Suffragan: An assistant or subordinate bishop of a diocese. "Should he ask the suffragan bishop to reassess the Ten Commandments, to include in their prayers some special reference to the feelings of magnanimity and love that follow sexual engorgements?" From "Marito in Città".
Tufa: A type of stone. "The tufa and pepperoni and the bitter colors of the lichen that takes root in the walls and roofs are no part of the consciousness of an American, even if he has lived for years, as Bascomb had, surrounded by this bitterness." From "The World of Apples".

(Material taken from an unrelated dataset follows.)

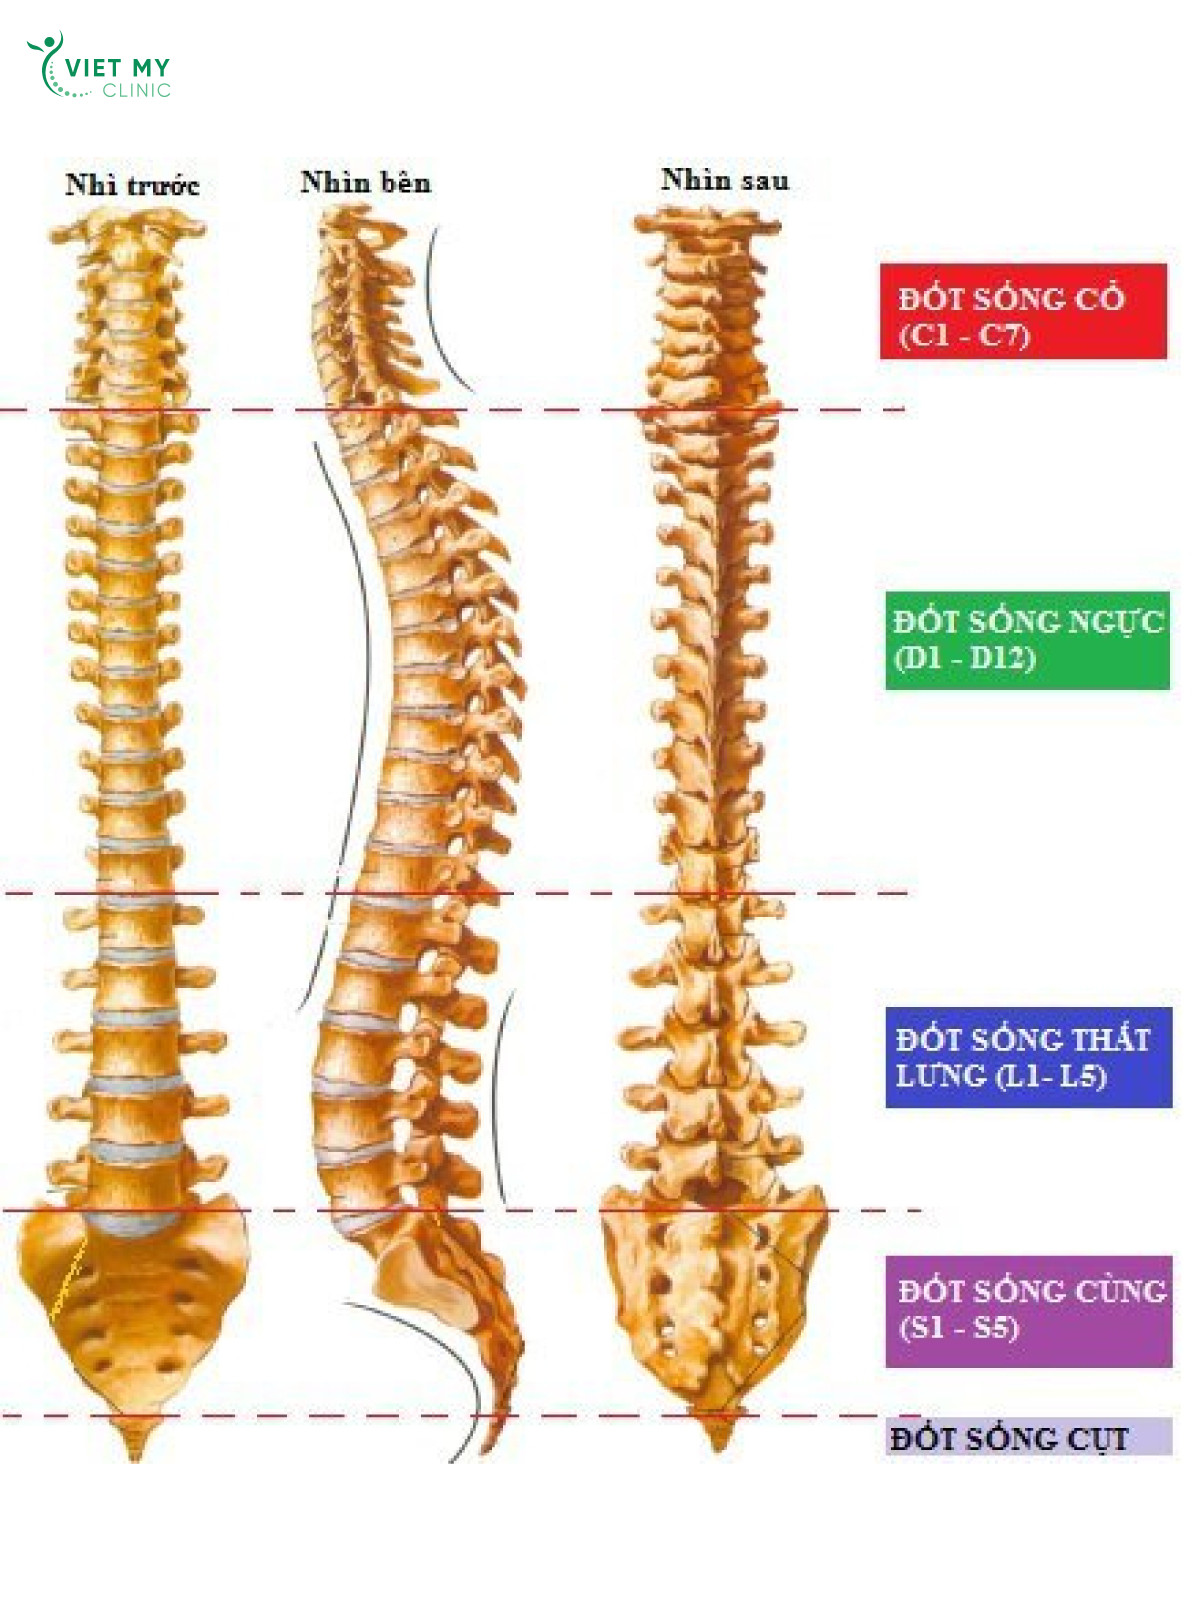 Phương pháp nào giúp giảm đường cong sinh lý cột sống thắt lưng?

Orison: Prayer. "The man's face was idiotic -- doped, drugged, and ugly -- and yet, standing in his unsavory orisons, he seemed to old Bascomb angelic, armed with a flaming sword that might conquer banality and smash the glass of custom." From "The World of Apples".
Lordosis: An exaggerated inward curvature of the spine; also called swayback. "Her back and front were prominent and there was a memorable curve to her spine that could have been a cruel corset or the beginnings of lordosis." From "The Jewels of the Cabots".